Hits Radio Oxfordshire

Fareham; United Kingdom;
- Broadcast area: Oxfordshire
- Frequency: FM: 107.9 MHz DAB: 10B (Oxfordshire)
- Branding: Oxfordshire's Hits Radio The Biggest Hits, The Biggest Throwbacks Across Oxfordshire

Programming
- Format: CHR/Pop
- Network: Hits Radio

Ownership
- Owner: Bauer Media Audio UK
- Sister stations: Greatest Hits Radio Oxfordshire

History
- First air date: 14 February 1997 (as Oxygen 107.9) Late 2000 (as Fusion 107.9) 2003 (as Passion 107.9) 2006 (Oxford's FM 107.9) 18 August 2010 (as Glide FM) 20 August 2013 (as JACKfm 2) 30 October 2023 (as Hits Radio Oxfordshire)

Links
- Website: Hits Radio Oxfordshire

= Hits Radio Oxfordshire =

Hits Radio Oxfordshire, formerly known most recently as Jack 2 Hits and Jack 3 Chill, is an Independent Local Radio station broadcasting in Oxfordshire, England on FM and the Oxfordshire DAB multiplex, as part of the Hits Radio network. It is owned and operated by Bauer Media Audio UK.

The station broadcasts to Oxfordshire from studios outside its broadcast area, in Segensworth in Fareham. It shares a local three hour weekday programme presented by Jono Holmes with Hits Radio Dorset and the DAB only Hits Radio South Coast.

As Jack 2 Hits, it was available in Surrey and Hampshire on DAB and online until April 2020. It also broadcast on FM in Oxfordshire on 107.9FM until it was switched to Jack 3 Chill in 2020 which it remained until it was closed and replaced by Hits Radio.

Hits Radio Oxfordshire competes with Heart South, BBC Radio Oxford, First FM and sister station Greatest Hits Radio, as well as some online community radio and DAB stations in Oxfordshire.

Previously known under a variety of names and formats since its inception in 1997 (see history), most recently Jack 3 Chill, the station launched in its current incarnation on 29 October 2023.

Before moving to Eynsham, Oxfordshire in March 2019, the station was based at 270 Woodstock Road in north Oxford – formerly the site of Six TV – The Oxford Channel.

As of September 2024, the station broadcasts to a weekly audience of 27,000, according to RAJAR. Jack 2 Hits DAB feed closed on 30 October 2023.

==History==
The origins of the station lie in a student radio station, Oxygen 107.9 which was trialled in November 1995 and launched at 1.07pm on Valentine's Day 1997. It was acquired in late 2000 by Fusion Radio Holdings, which rebranded the station as Fusion 107.9. Fusion merged with the Milestone Group in 2003 and the station was relaunched again as Passion 107.9, but was sold to ARI Consultancy (previously known as Absolute Radio International) in 2006, leading to another rebrand as Oxford's FM 107.9.

In February 2010, the station's owners lodged a request with Ofcom to change the station's format to one that would target listeners over 45 years old.
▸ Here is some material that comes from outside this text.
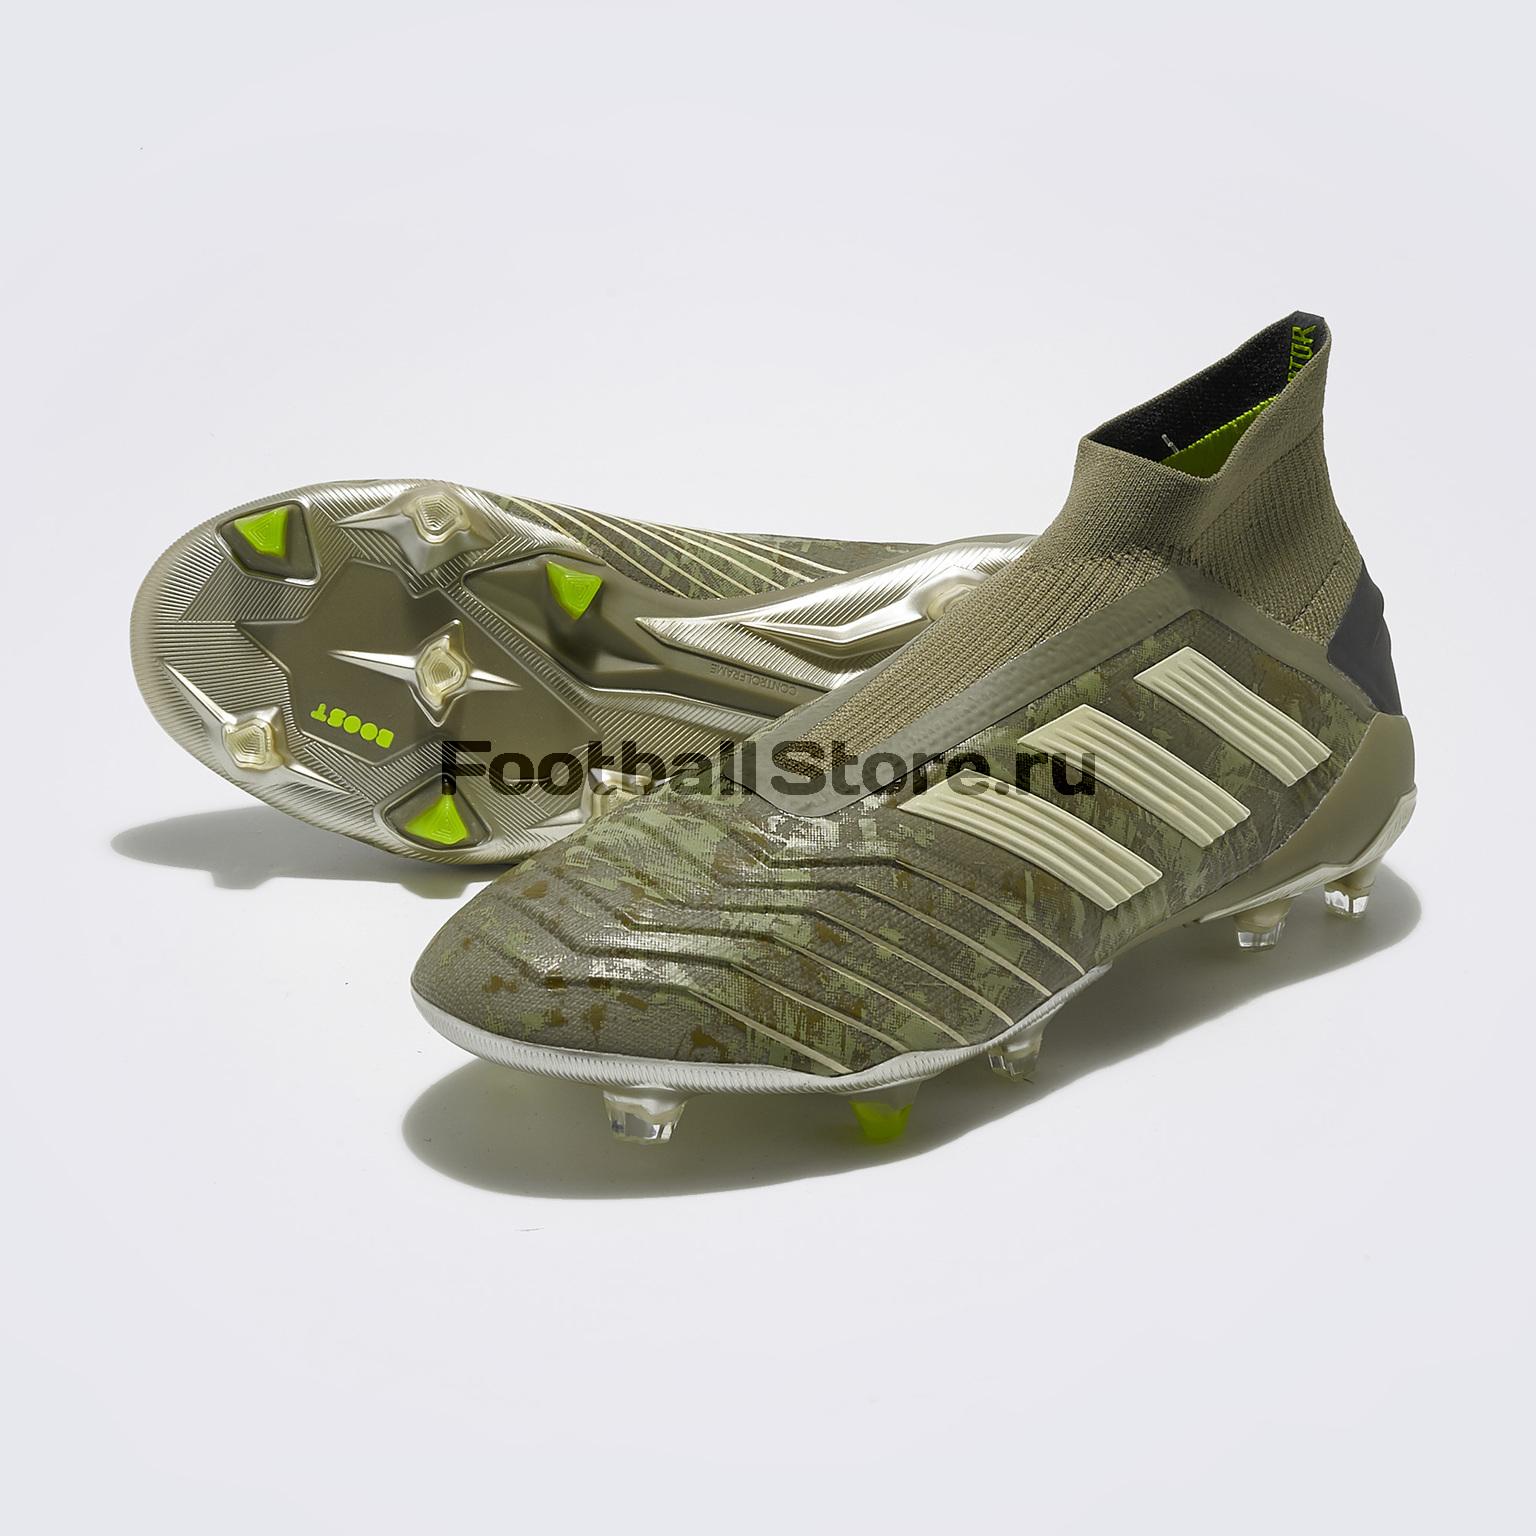 Бутсы Adidas Predator 19+ FG EF8204 бутсы adidas predator 18 3 fg db2001

The station argued the "transient" nature of students makes it commercially difficult to market a radio station to an audience that leaves the city each year. Several fans of late night "specialist" shows responded to Ofcom's public consultation as well as local business owners. Ofcom considered this, but the Radio Licensing Committee rejected this proposal. The station responded by saying that changes it had made meant the format change had become less necessary.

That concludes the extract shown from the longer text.